Under the new framework, avoiding challans will no longer be possible and timely resolution will be mandatory for all citizens. Importantly, violators will not be able to approach courts directly to contest a challan without first going through the prescribed process, said a Delhi CMO statement.

Anyone committing five or more traffic violations within a year will be classified as a "serious offender" and will risk suspension or disqualification of their driving licence under the amended rules, it said.

Gupta noted that the issuance of challans will now be fully modernised.

Police or authorised officers can issue challans either physically or electronically. In addition, violations captured through cameras and digital surveillance systems will automatically generate challans. The e-challans will be delivered within three days to the violators through their mobile numbers, and a physical notice will be delivered within 15 days.

Once a challan is issued, the violator will have 45 days to either pay the fine or challenge it before a grievance redressal officer through the online portal, supported by documentary evidence. If no action is taken within this period, the challan will be deemed accepted, and payment must be made within the next 30 days, the statement said.

If a challenge is rejected, the individual can either pay the fine within 30 days or approach the court after depositing 50 per cent of the challan amount.

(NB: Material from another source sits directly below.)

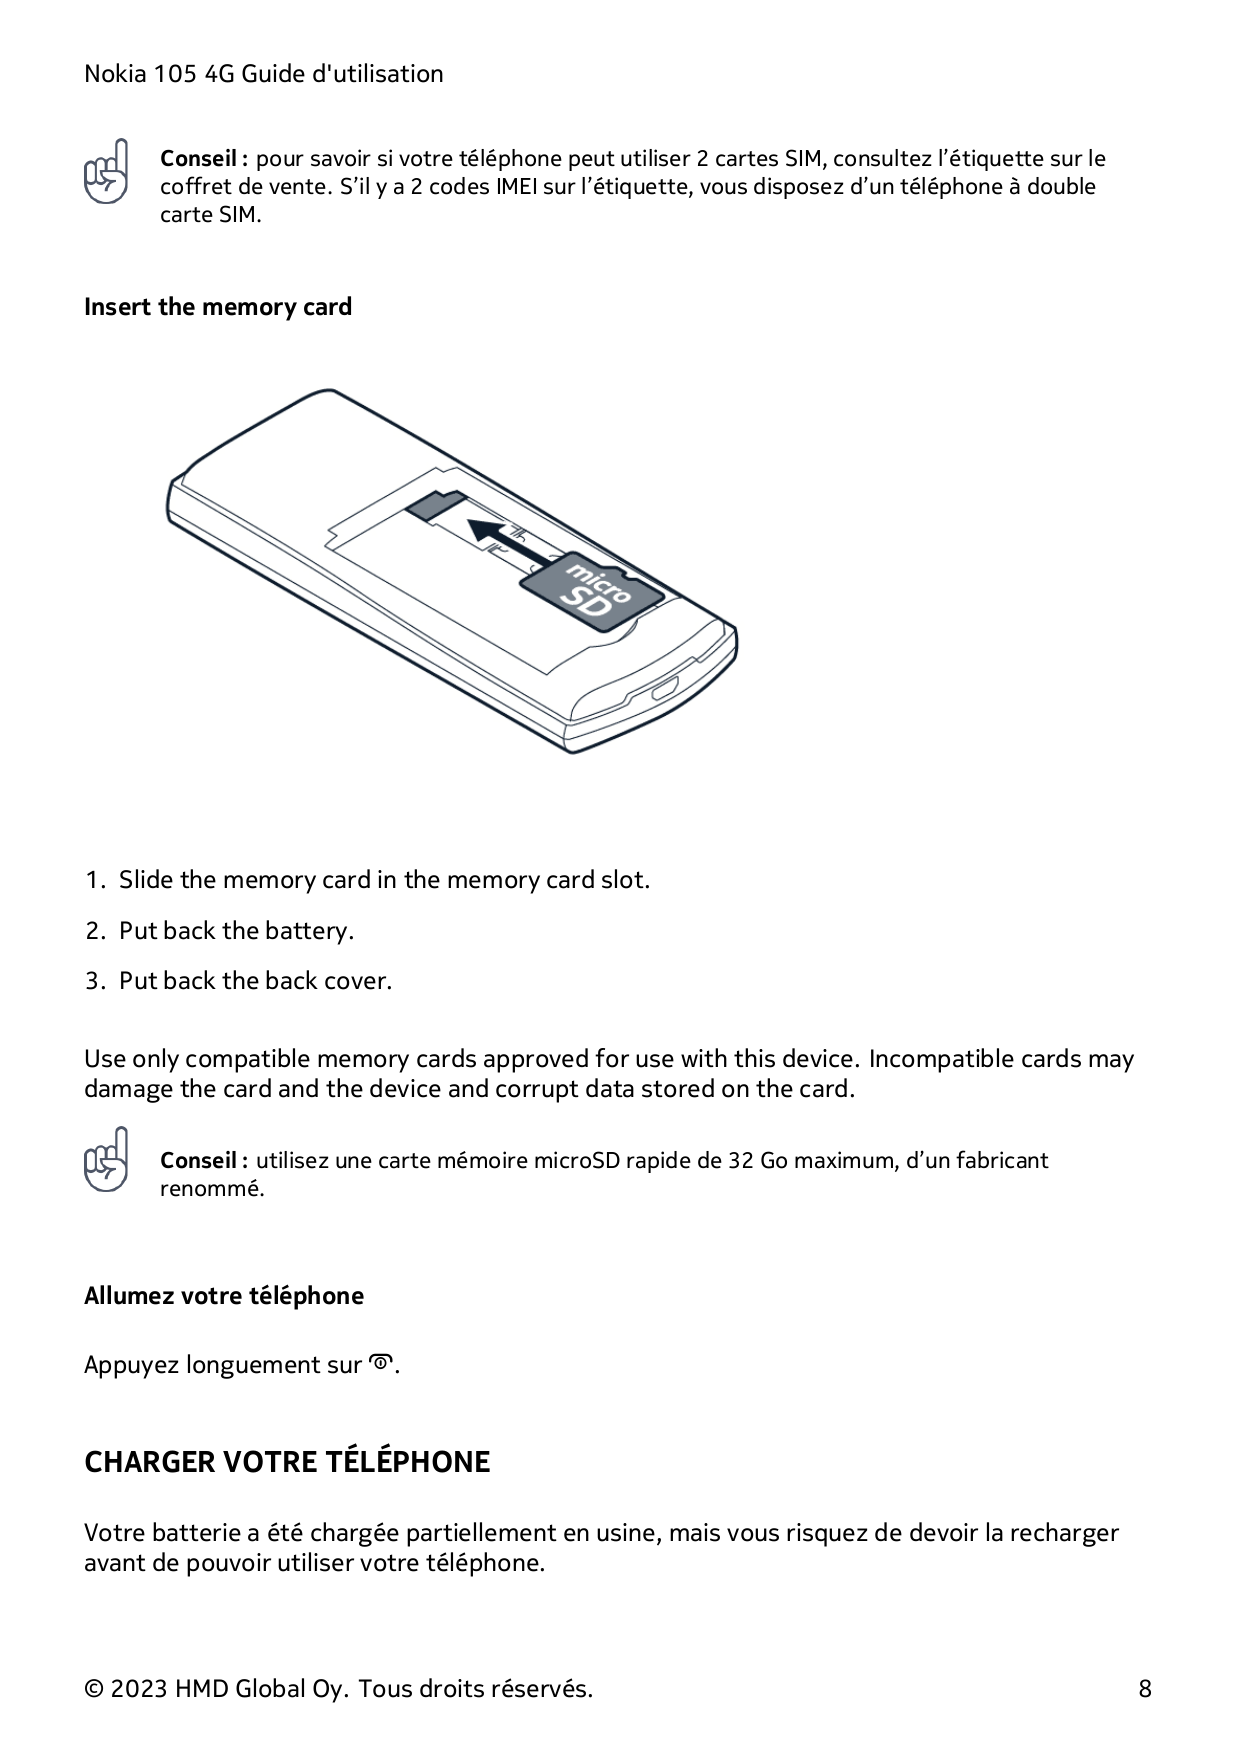 Nokia 105 4G Guide d'utilisationConseil : pour savoir si votre téléphone peut utiliser 2 cartes SIM, consultez l’étiquette sur l

Failure to act within the stipulated time will result in the challan being treated as accepted, with payment required within 15 days thereafter.

Payments can be made through electronic modes. The grievance redressal officer will be required to upload a decision on the portal within 30 days, it said.

The chief minister made it clear that once deadlines lapse, daily electronic notices will be issued. Continued non-payment will lead to restrictions on all vehicle-related services, including payment of taxes and processing of driving licence or registration-related requests.

The vehicle will be flagged on the official portal as 'not to be transacted,' effectively blocking any further transactions until the dues are cleared. In cases where necessary, and subject to court orders, police or authorised officers may also impound vehicles involved in violations.

All challans will be issued in the name of the registered vehicle owner, who will be notified via SMS, email or other digital means, it added.